Certes, ce pouvoir est tangible dans la capacité de résistance de Frodo. Mais il faut noter toutes les occurrences dispersées où Sam pose les bonnes questions ou a les bonnes réactions. Ainsi, dans la maison de Bombadil, il est le seul à ne pas faire de cauchemard. il sait qu’il est à l’abri, et ne partage pas la perméabilité des autres, déjà, à la suggestion par l’Ennemi. Dans l’Emin Muil, il refuse le pessimisme de Frodo en disant sait-on jamais ? quand Frodo évoque la possibilité qu’ils ne revoient jamais leurs amis. Et tout au long de son parcours avec Frodo, non content de s’occuper de l’intendance, c’est lui qui montre le plus de résistance a l’Ennemi. Cette mise en valeur de ses qualités hobbittes culmine lorsqu’allant délivrer Frodo, l’Anneau le suggère quand il entre véritablement en Mordor. Mais même alors, l’illusion de pouvoir que lui propose l’Anneau reste emminemment hobbitte et ancrée dans la terre: faire fleurir et fertiliser le désert qu’est Mordor. Et parce que l’Anneau est hors de son aire de suggestion habituelle, il n’a que peu de prise sur Sam, qui rejette la tentation avec une facilité déconcertante. Frodo, Galadriel et Gandalf avaient du mal à résister à la simple vue de l’Anneau. Et ils étaient à des lieues du Mordor. Sam lui est en Mordor, et vient juste d’enlever l’Anneau. et pourtant, il rejette la tentation d’un mouvement d’épaules. Le pouvoir de Sam, celui de Hobbits, c’est celui-là, de rester ancré dans la réalité, de ne pas se laisser séduire par le rêve. Deux illustrations de plus: il est le seul à qui Galadriel fait un cadeau fertile, au sens où le cadeau produira quelque chose au-delà de la guerre. Et surtout cette prodigieuse question, perdue à la fin d’une conversation: Frodo disant qu’il aimerait pouvoir rejoindre Bilbo et écrire et ils vécurent heureux jusqu’à la fin de leurs jours, Sam répond Mais où vivront-ils ? C’est ce que je me suis souvent demandé. Ce qui, à la lumière de la conclusion du livre, se révèle être d’une rare pénétration.

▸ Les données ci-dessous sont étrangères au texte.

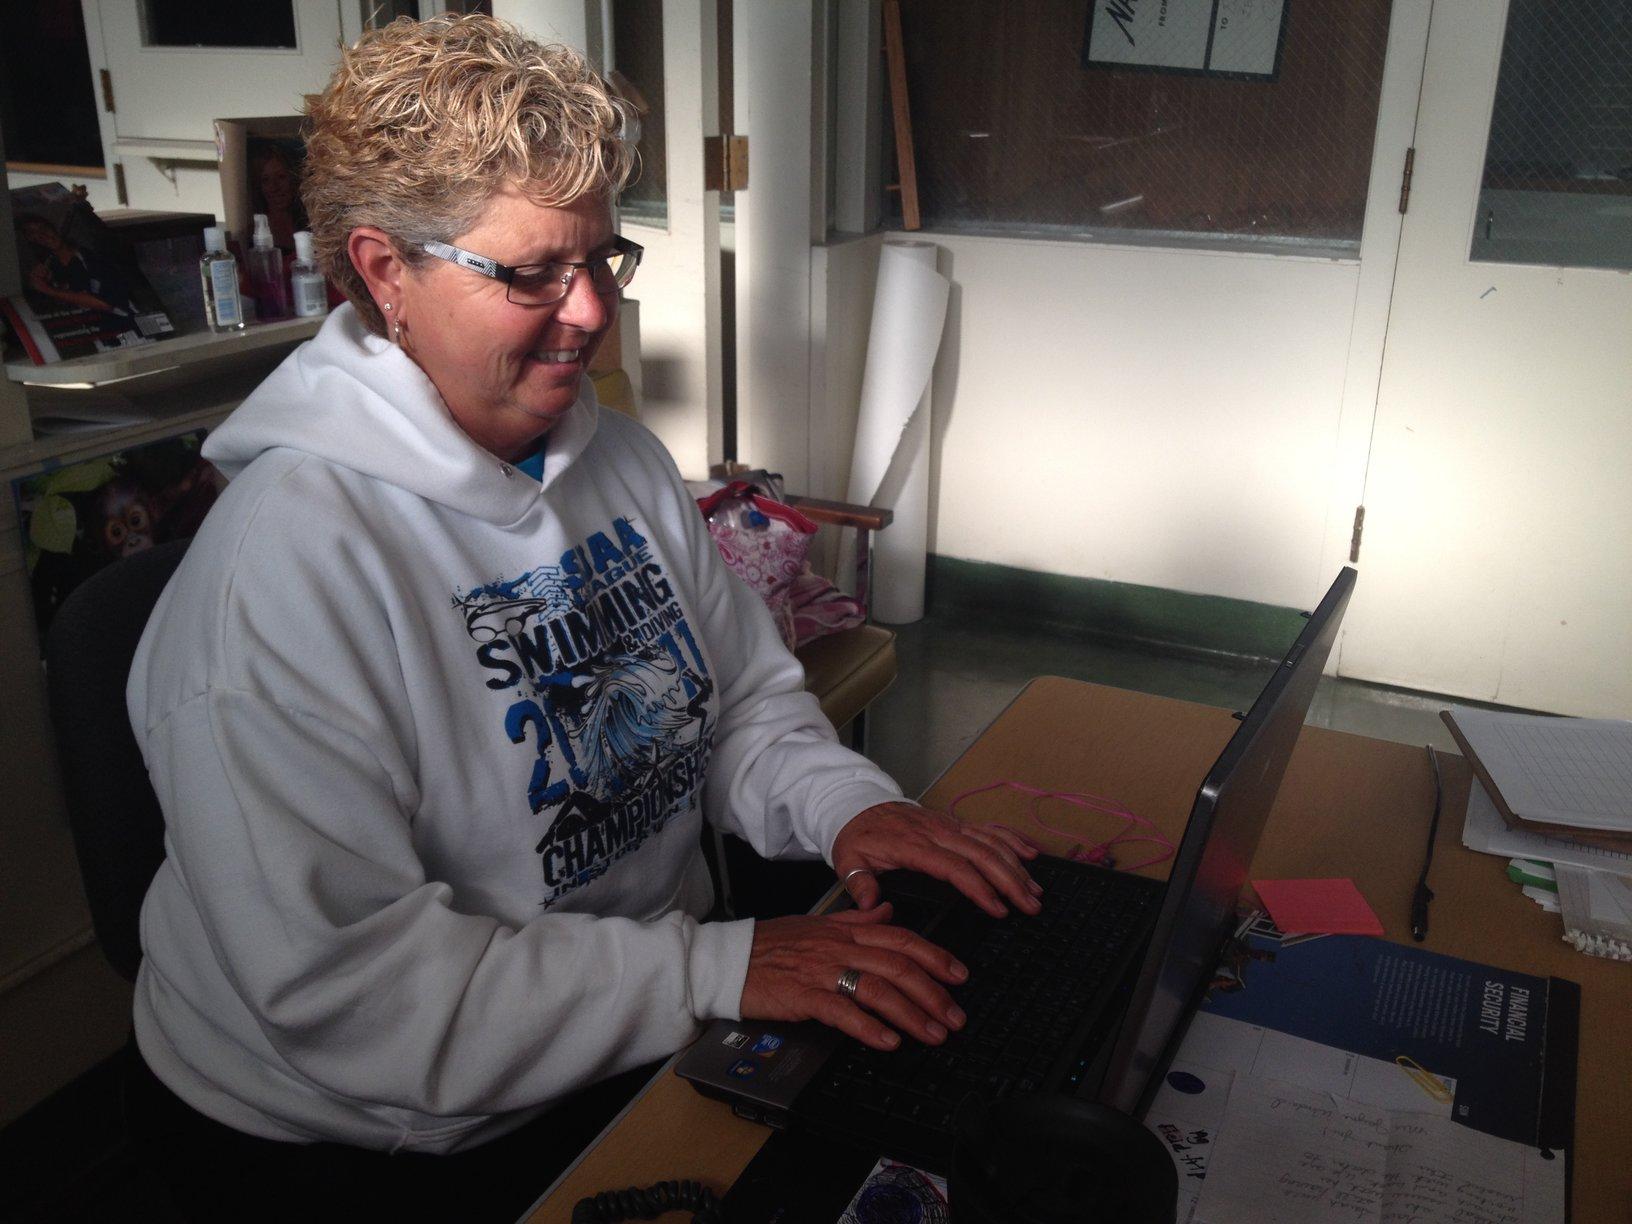 Special Education teacher Stacey Carniglia plans out the schedule for the week.

Il y a beaucoup d’autres occurrences où Sam manifeste ce pouvoir de la Terre, ce pouvoir de n’être pas corruptible et de toujours penser à la possibilité de continuer à engendrer quelque chose. Je ne les ai pas tous en tête, et je vous laisse le plaisir de les découvrir par vous-mêmes. Si ce texte vous fait relire le Seigneur des Anneaux avec une attention particulière pour Sam, alors ces mots auront rempli leur office.